Pretty much everyone agrees that the Great American Songbook began in the 1920s when masters like Irving Berlin, Cole Porter and Jerome Kern entered the fray. The end date is harder to pin down. Most observers sound the death knell around 1950. Others argue, quite fairly, that next-generation craftsmen like Frank Loesser and Richard Rodgers (plus the still-active Porter and Berlin) continued to produce sterling material into the ’60s. Then there’s a growing minority that insists the songbook never died, it has simply evolved. Ben Yagoda, a gifted raconteur with a keen ability to deconstruct pop-cultural watersheds, numbers among this uncircumscribed group.

Yagoda opens with a detailed history of the songbook (a mélange of Broadway, Hollywood and Tin Pan Alley tunes of enduring quality, generally recognized as “standards”) and its foremost practitioners—mostly male, mostly white and predominantly Jewish—as it progressed from the Roaring Twenties, accelerated through the Big Band Era, then stalled during the postwar years. So delightful is his anecdote-filled style that it’s easy to forgive his habit of diving into rabbit holes, overly dwelling on trivial details and minor figures.

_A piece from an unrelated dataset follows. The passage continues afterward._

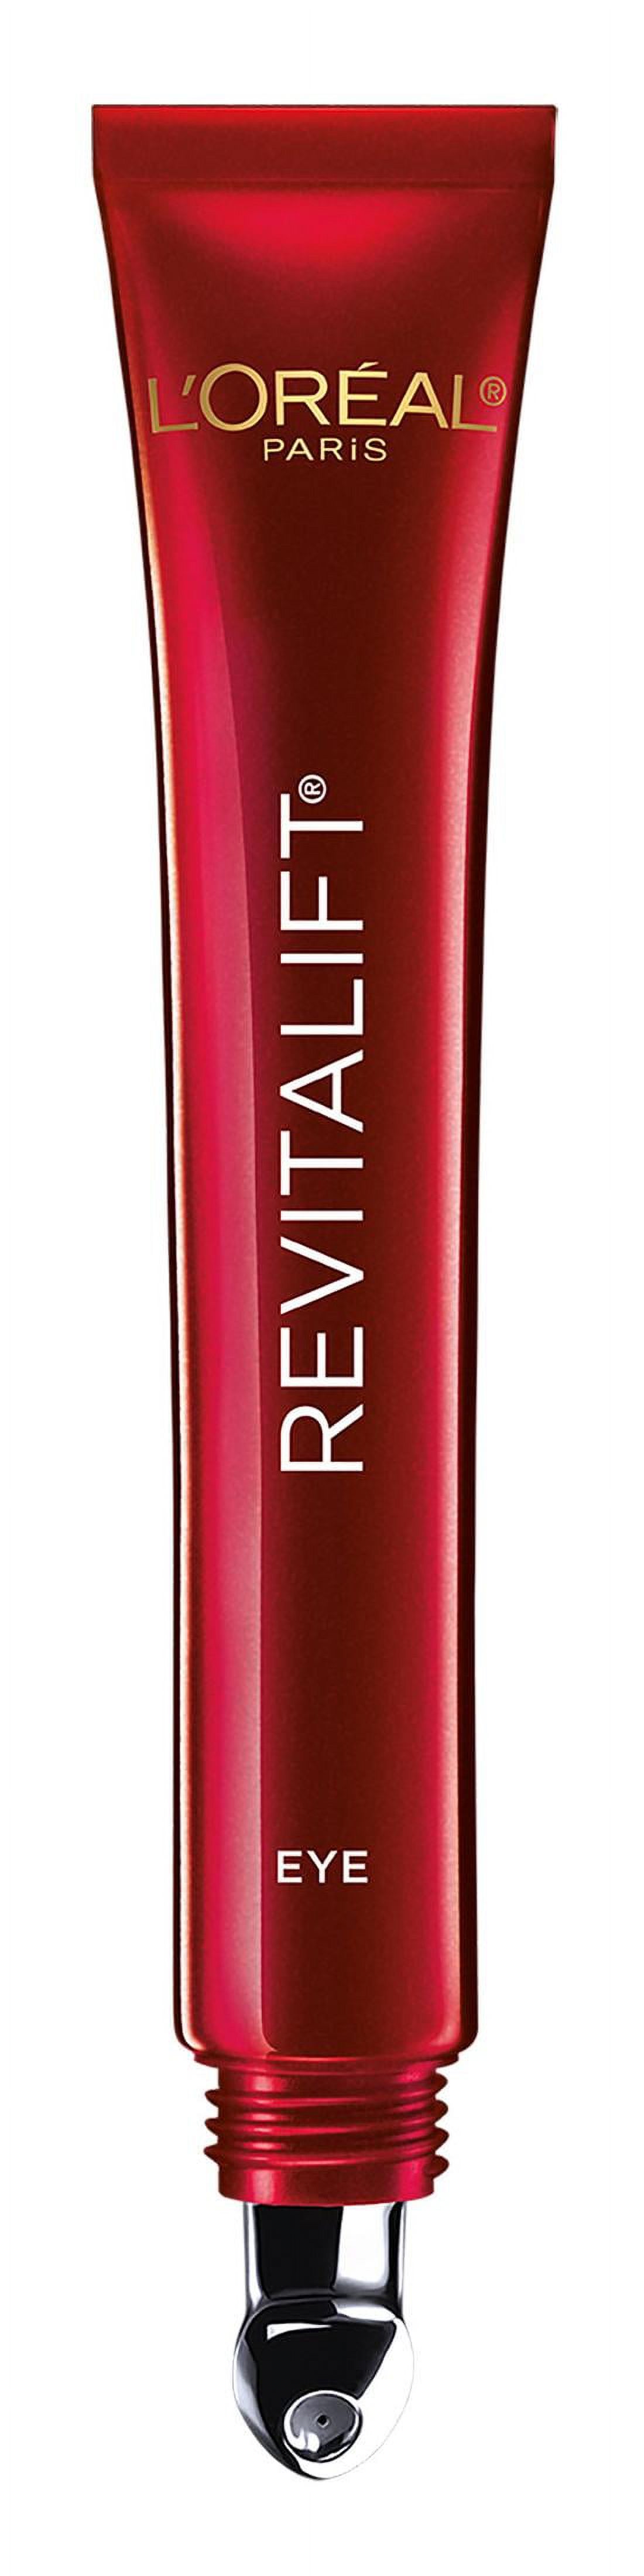 L'Oreal Paris Revitalift Anti Aging Eye Cream 0.5 fl oz - image 1 of 8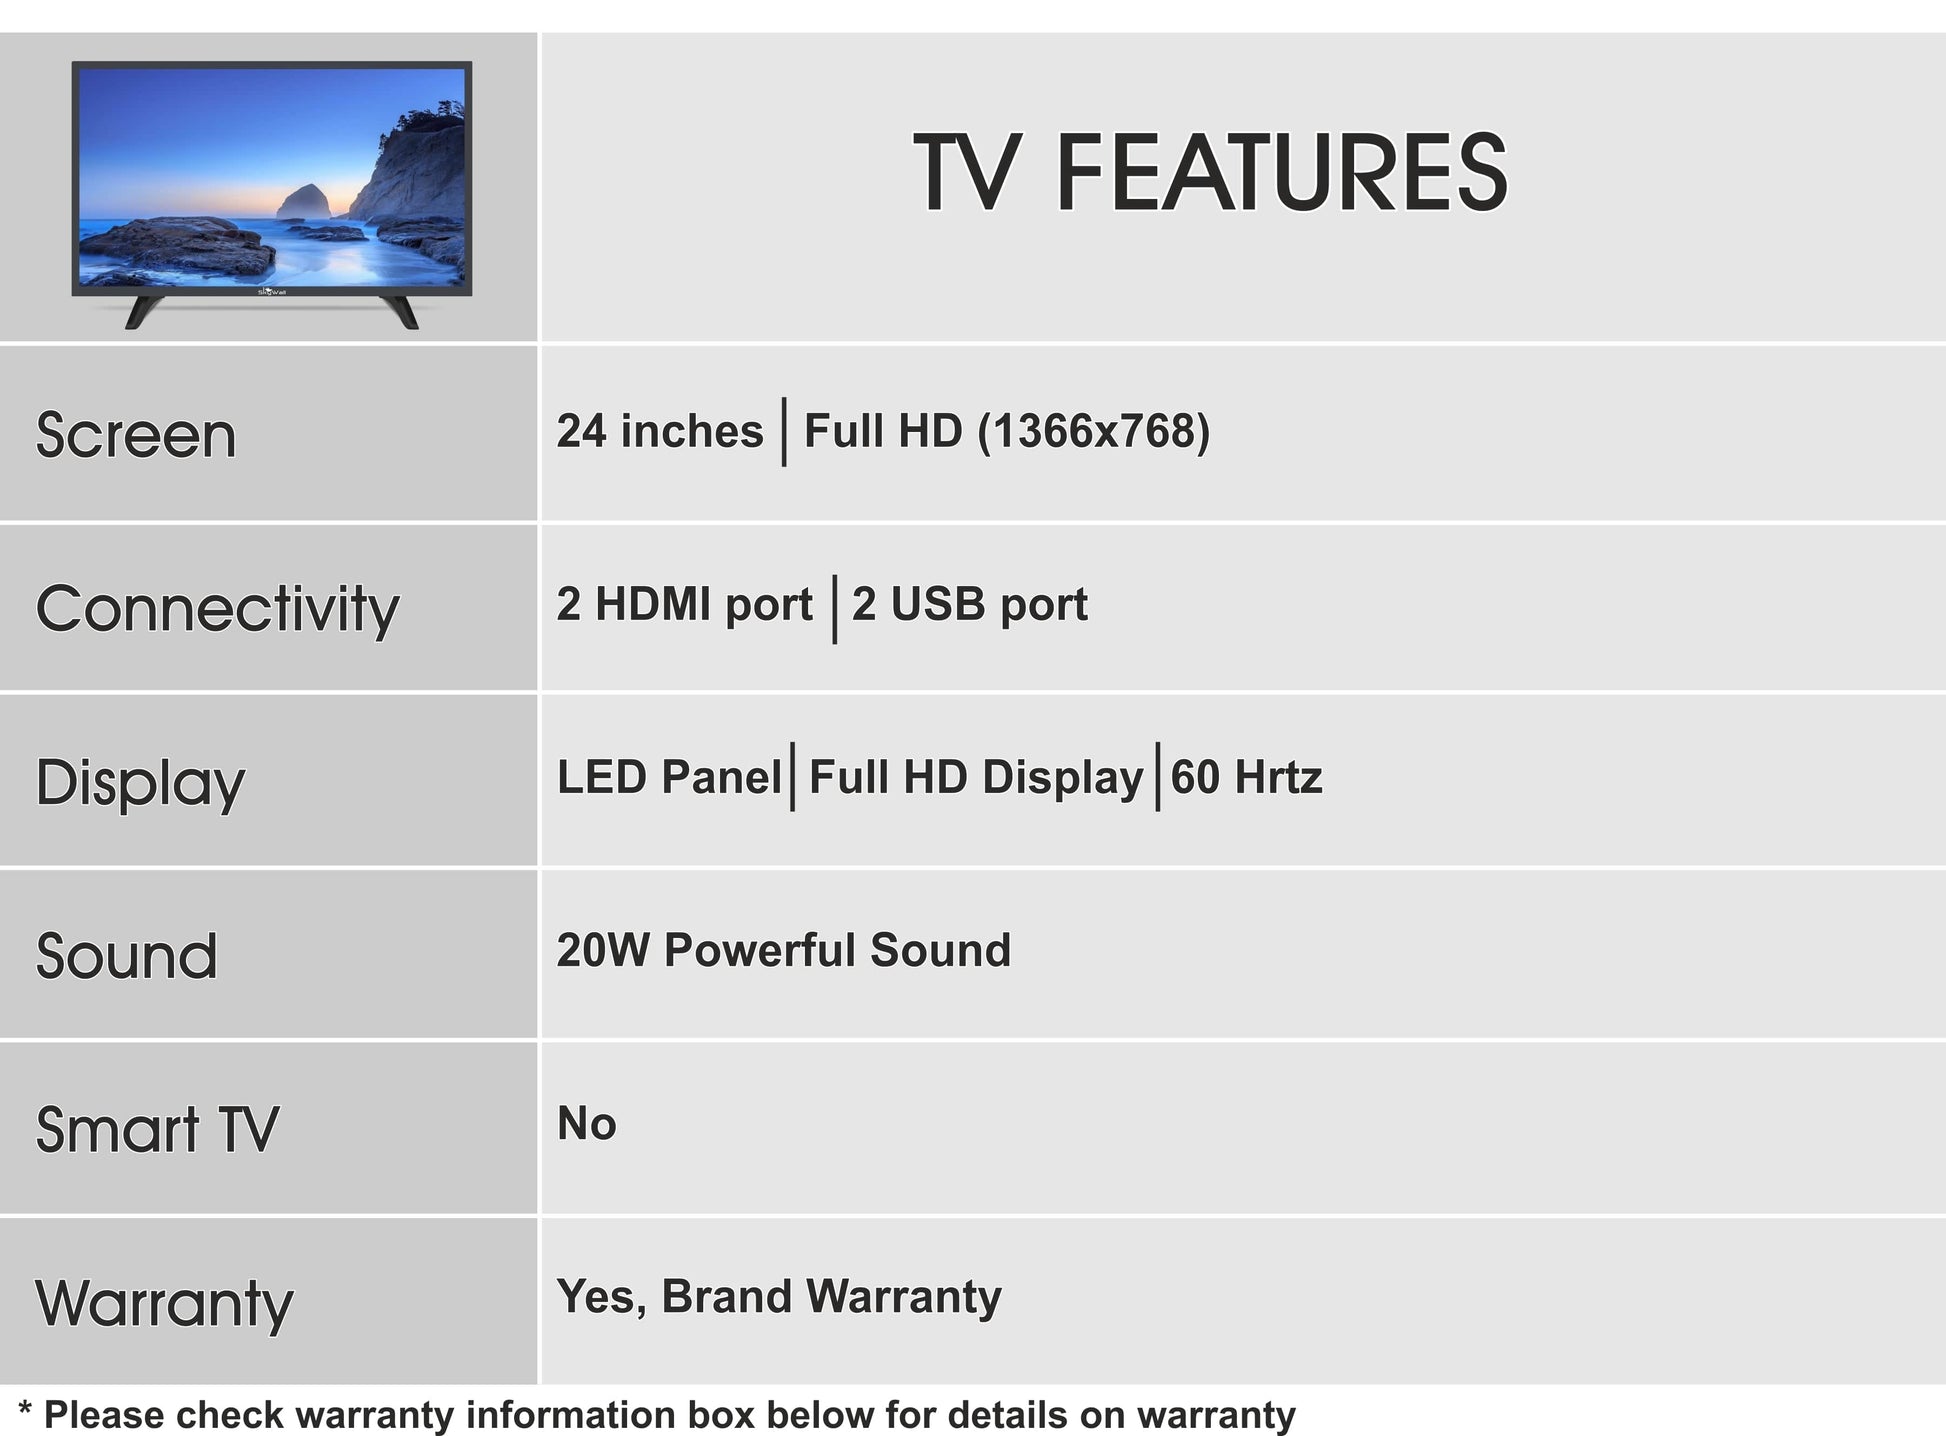 SkyWall™ TV HD Ready TV SkyWall 60.96 cm (24 inch) HD Ready LED TV 24SWATV With A+ Grade Panel (slim bezels)

Yagoda’s primary focus is on the pre-Elvis 1950s, when the music landscape rapidly deteriorated. Gimmicky novelty tunes were all the rage. Hits like Patti Page’s How Much Is That Doggie In the Window and Rosemary Clooney’s Come On-A My House topped the charts. At the centre of this sticky morass stood Mitch Miller, creative kingpin for first Mercury Records and then the mighty Columbia label. Frank Sinatra, among the few who managed to rise above such melodic mediocrity, affectionately referred to him as “that creep.” Certainly, per H.L. Mencken’s adage, Miller never went broke underestimating the taste of the American public.

In the Miller era, Berlin, Mercer, Rogers and their ilk remained active, particularly on Broadway and in Hollywood, but they became increasingly peripheral figures in a world they’d once dominated. Rock music’s ascendancy sealed their fate. (Though their work did, and does, continue to thrive within the jazz milieu.) But, Yagoda argues in the too-brief closing chapters, not all hope was lost. A fresh and very different assortment of songwriters, including Paul Simon, Carole King, Burt Bacharach, Joni Mitchell and Leonard Cohen—plus, from offshore, Len- non and McCartney—ushered in a new wave of equally durable gems. As he concludes, circa 1968, “The final page had turned on one songbook. Another was just starting to be written.”